Optic nerve glioma pathophysiology

Editor-In-Chief: C. Michael Gibson, M.S., M.D. [1]Associate Editor(s)-in-Chief: Simrat Sarai, M.D. [2]

Overview

Pathophysiology

Genetics

Optic nerve gliomas are classified as low-grade astrocytomas. Histologically, optic nerve gliomas are identical to pilocytic astrocytomas. Sporadic pilocytic astrocytomas usually have a tandem duplication of chromosome 7q34 and associated BRAF-KIAA fusion gene. Pilocytic astrocytomas associated with neurofibromatosis type 1 lack this fusion gene. There is characteristic loss of neurofibromin (which is a negative growth regulator for astrocytes), and increased RAS activation in patients with optic nerve gliomas associated with NF1. In some pilocytic astrocytomas there is loss of allelic chromosome, suggesting that they are clonal lesions that arise from inactivation of a tumor suppressor gene. There is some link between 17q gene and tumor development in optic nerve glioma, as loss of chromosome 17q has been demonstrated in some cases, even in patients without NF1 or NF2.

Gross pathology

On tumor resection, gross pathology reveals a smooth, fusiform intradural lesion. Macroscopically, these tumors may be cystic, solid or gelatinous.

Microscopic pathology

Generally, optic pathway gliomas are classified under the WHO’s classification of a grade I pilocytic astrocytoma, usually Juvenile Pilocytic Astrocytomas (JPA). Occasionally pathology is positive for grade II fibrillary astrocytoma. The tumors are slow growing and are usually not associated with metastatic deposits. High grade lesions are rare in children. In adult patients tumors tend to be more aggressive and tumor de-differentiation is rarely seen in younger children with optic nerve gliomas but may be observed in older children and adults. In rare cases, tumor may become an anaplastic astrocytoma or glioblastoma. Optic nerve gliomas an be further classified as either pilocytic and or fibrillary in nature. The majority of cases are pilocytic. About 60% of optic pathway astrocytomas are pilocytic and 40% are fibrillary. Hypothalamic tumors which invade the optic chiasm, show evidence of local invasion and histologically are not pilocytic in nature but they are very similar to cerebral hemisphere gliomas. Typical pilocytic histology consists of:

• Densely cellular areas alternating with loose cystic regions
• Immature spindle shaped pilocytic astrocytes and glial filaments
• Rosenthal fibers are common
• Eosinophilic granular bodies are seen
• Microcystic degeneration is seen
• Mitotic figures usually cannot be identified
• Microcalcifications can be seen in 50% of these tumors.

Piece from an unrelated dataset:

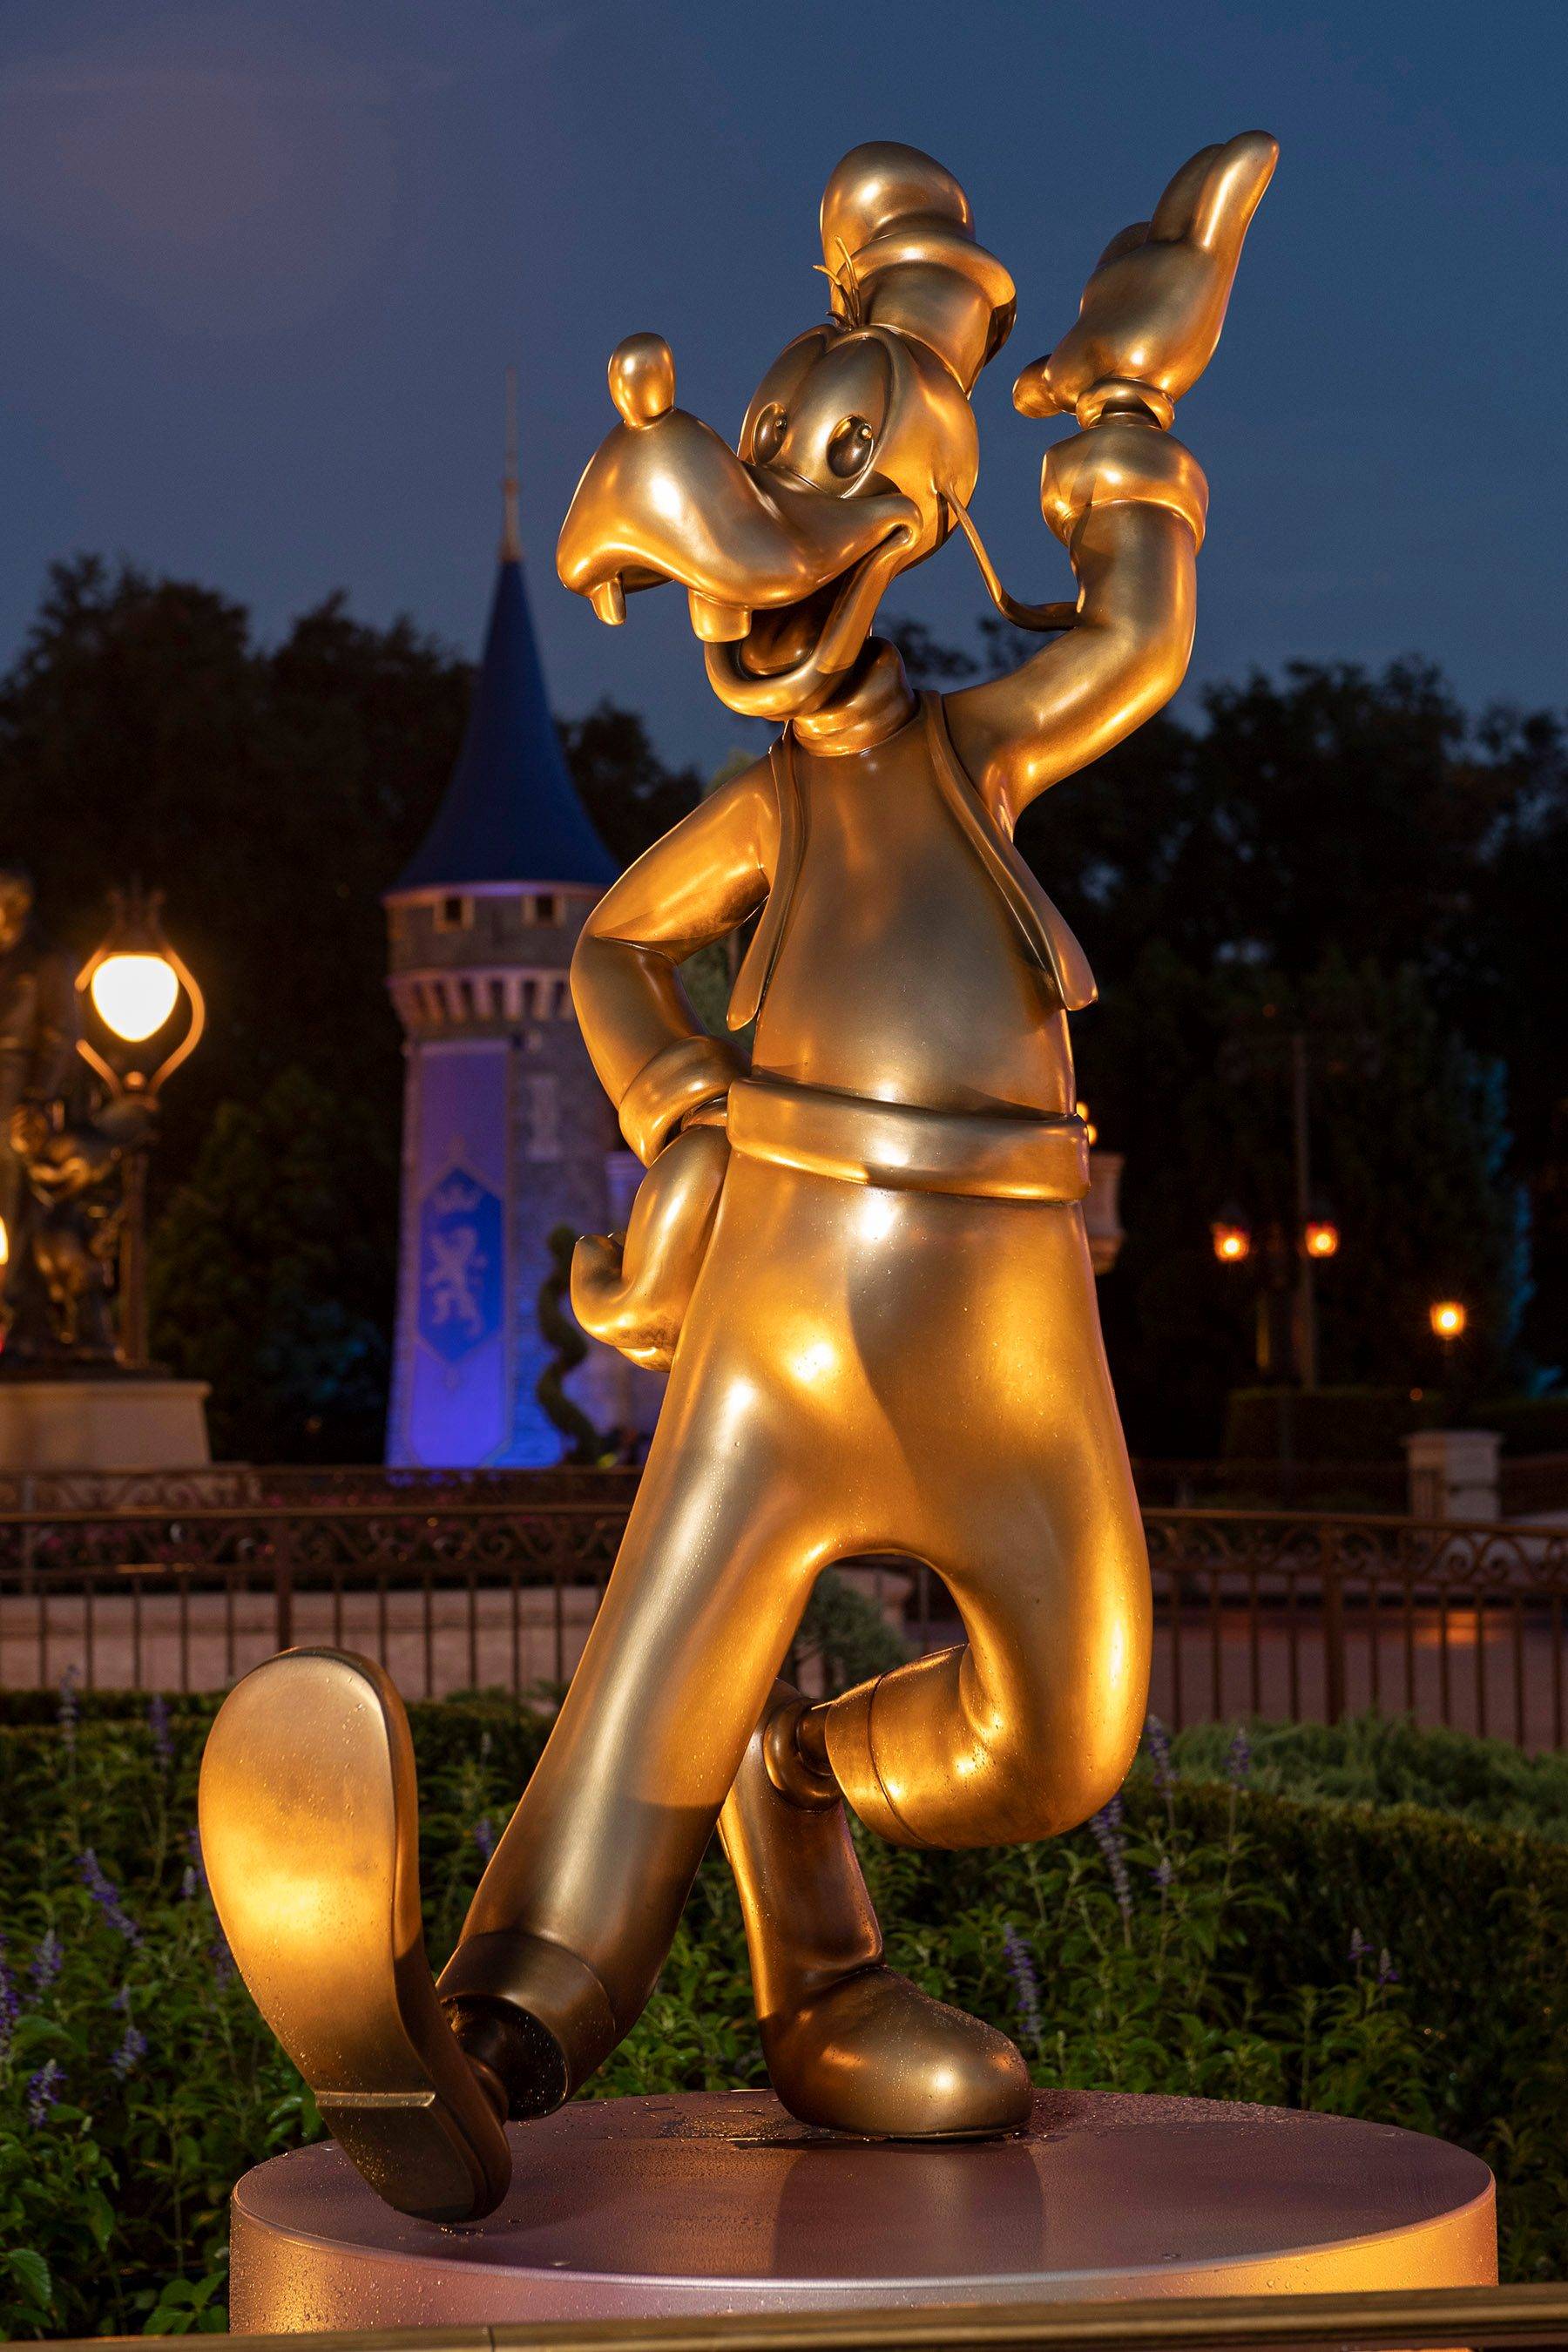 First Disney Fab 50 statues at Magic Kingdom

Several other histological patterns of these tumors have been described: Oligodendroglial and astrocytic proliferation Leptomeningeal invasion Reticular pattern that involves microcystic foci with mucous-like fluid Arachnoid hyperplasia & mucus-substance

A new subgroup of optic pathway gliomas has been defined: pilomyxoid astrocytomas Pilomyxiod astrocytomas have different histological features and have been shown to behave more aggressively than pilocytic astrocytomas.

• Pilomyxoid astrocytomas classically show a markedly myxoid matrix, with small, compact, piloid and highly monomorphous cells.
• Tumor cells are often arranged radially around vessels in a pattern that simulates the perivascular pseudorosettes seen in ependyomas
• Tumor samples appear solid without the presence of Rosenthal fibers and eosinophilic granular bodies.
• Satellitosis of the tumor cells in the surrounding neuropil can be seen,
• Mitotic figures can be seen occasionally
• 14% of patients with pilomyxoid astrocytomas had cerebrospinal fluid dissemination of their disease which was not recognized in patients with the pilocytic variant.

The growth pattern of tumor can be either perineural or intraneural in nature. Patients with NF1 tend to have a perineural growth pattern, whereas sporadic optic pathway glioma patients tend to have an intraneural growth pattern.